Be warned: Michael Mann has a verbose style (Heat's 157 pages) - you want to write a lot tighter (aim for your screenplay being in the 95 to 110 page range).
If you love being verbose, save it till you're established with a lot of sales behind you. Screenwriting is not novel writing.
Dan Fogelman in Crazy, Stupid, Love uses brief descriptions. He describes the two leads with:
CAL WEAVER (42) sits by his wife, TRACY (41). A handsome couple. He'd be JFK to her Jackie O... if he gave a shit. Unfortunately, he doesn't (i.e.: white sneakers in fancy French restaurant).
In Gladiator, David Franzoni and John Logan also favor brevity:
The commanding General of the Felix Regiment, MAXIMUS, walks between two of the catapults. He is a striking and intense man in his 30's. Like all the soldiers who surround him, he is caked with mud and exhausted.
Nick Schenk in Gran Torino goes into considerable more detail with his lead:
WALT KOWALSKI stands towards the front of the church. He speaks to an older MAN in a bulky, out-of-date suit. Walt Kowalski looks young for his age. He has slate blue eyes, physically fit and has had the same buzz cut hairstyle since getting out of the military in 1953. Walt is also a perfectionist. Nothing escapes his hawklike eyes, eyes that pierce and judge.
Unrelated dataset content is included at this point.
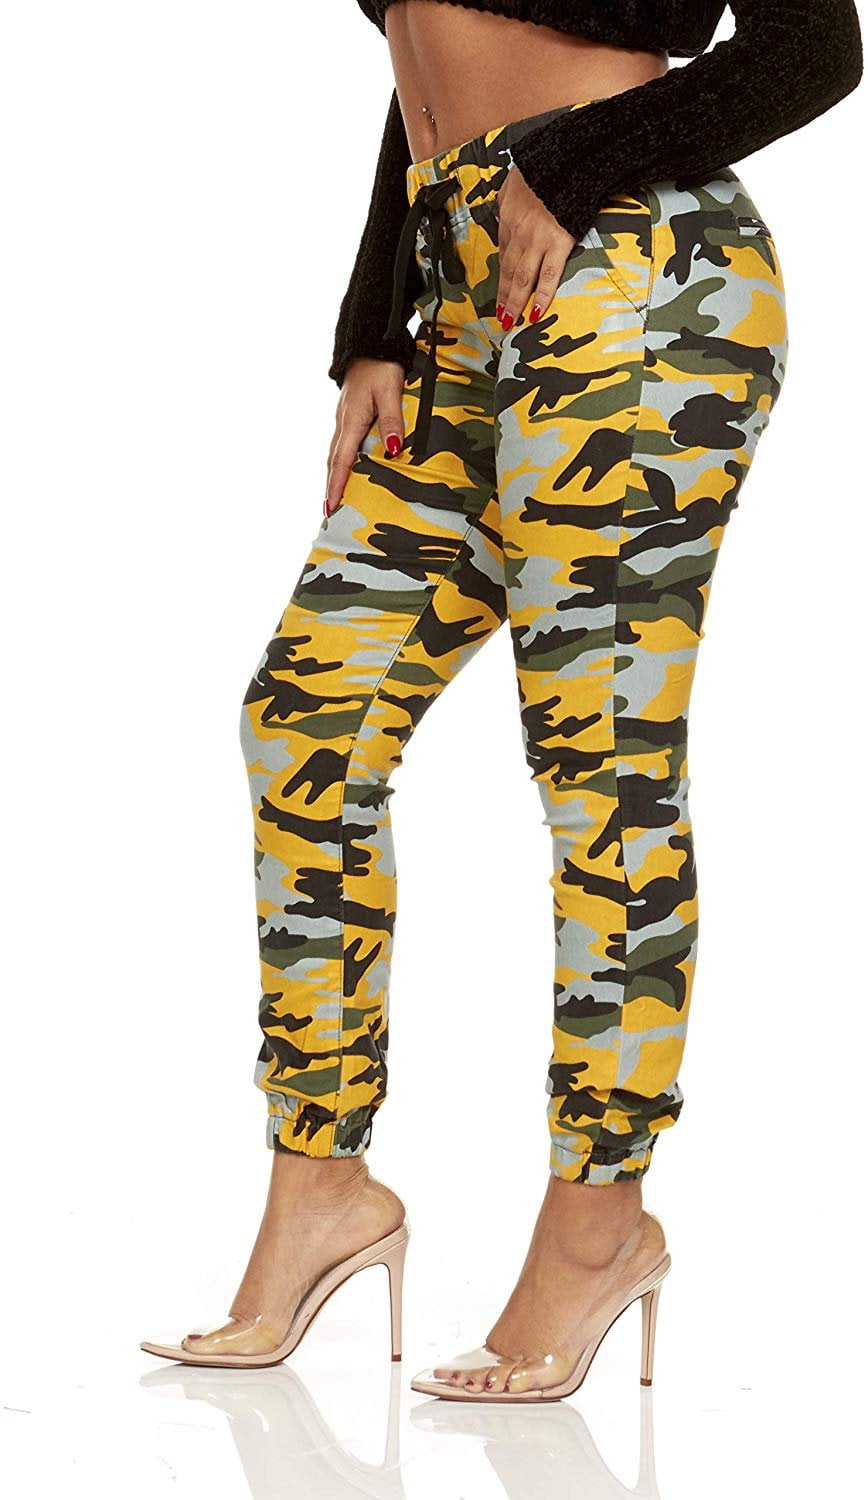 vip jeans colored jogger pants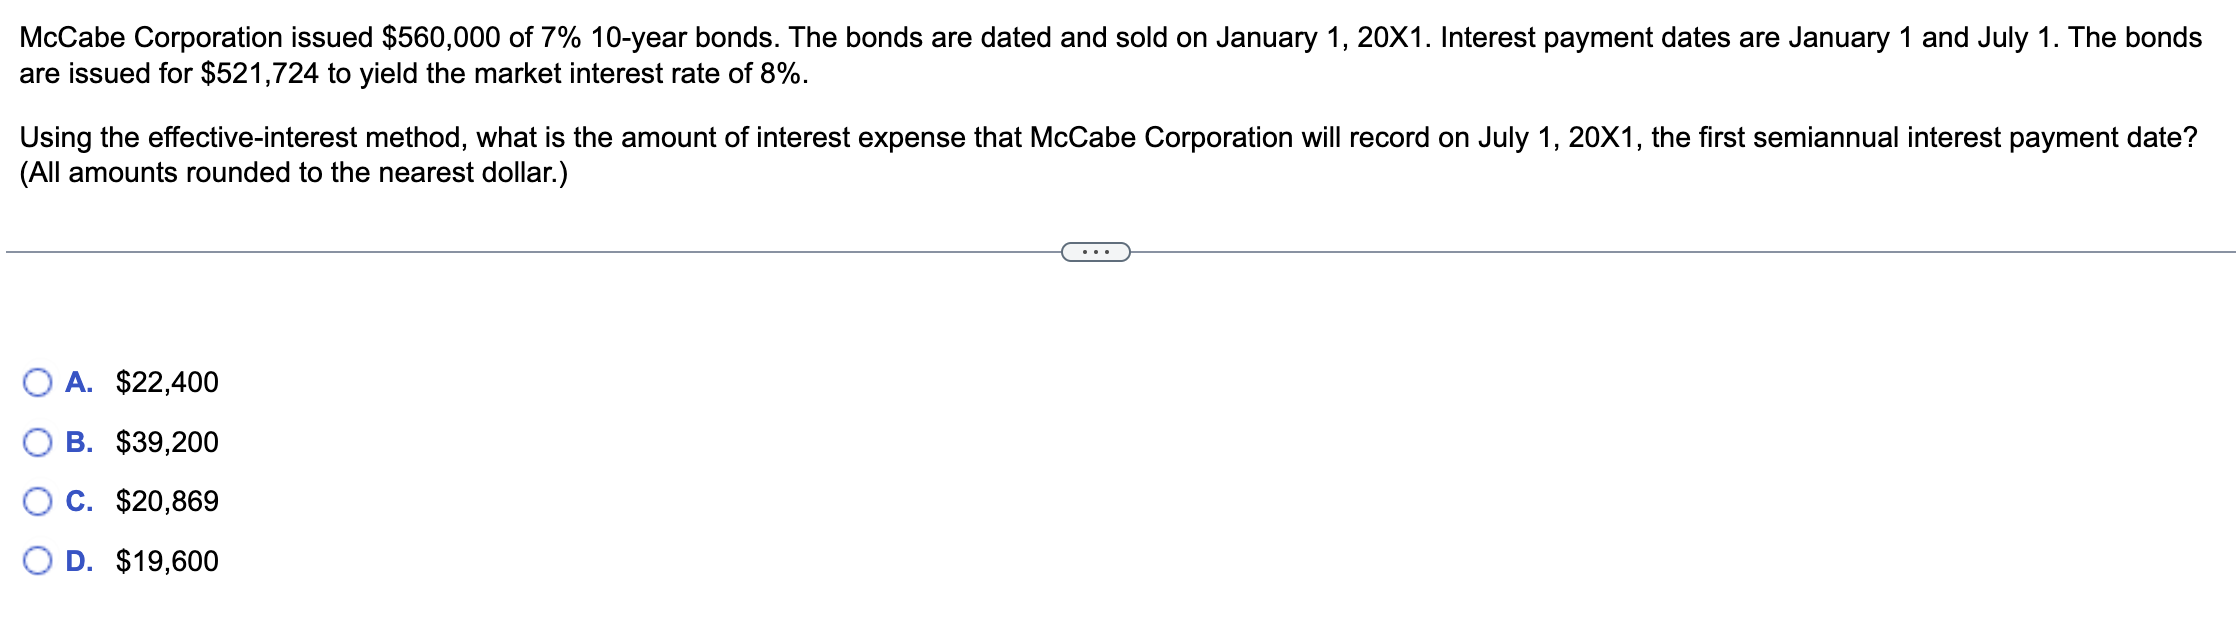 McCabe Corporation issued $560,000 of 7% 10-year bonds. The bonds are dated and sold on January 1, 20X1.

Ditto Michael Arndt in Little Miss Sunshine:
RICHARD (45) stands at the front of a generic community college classroom -- cinderblock walls, industrial carpeting. He wears pleated khaki shorts, a golf shirt, sneakers. He moves with the stocky, stiff-legged gait of a former athlete. His peppy, upbeat demeanor just barely masks a seething sense of insecurity and frustration.
Frank Darabont in Shawshank Redemption used:
ANDY DUFRESNE, mid-20's, wire rim glasses, three-piece suit. Under normal circumstances a respectable, solid citizen; hardly dangerous, perhaps even meek.
WARDEN SAMUEL NORTON strolls forth, a colorless man in a gray suit and a church pin in his lapel. He looks like he could piss ice water. He appraises the newcomers with flinty eyes.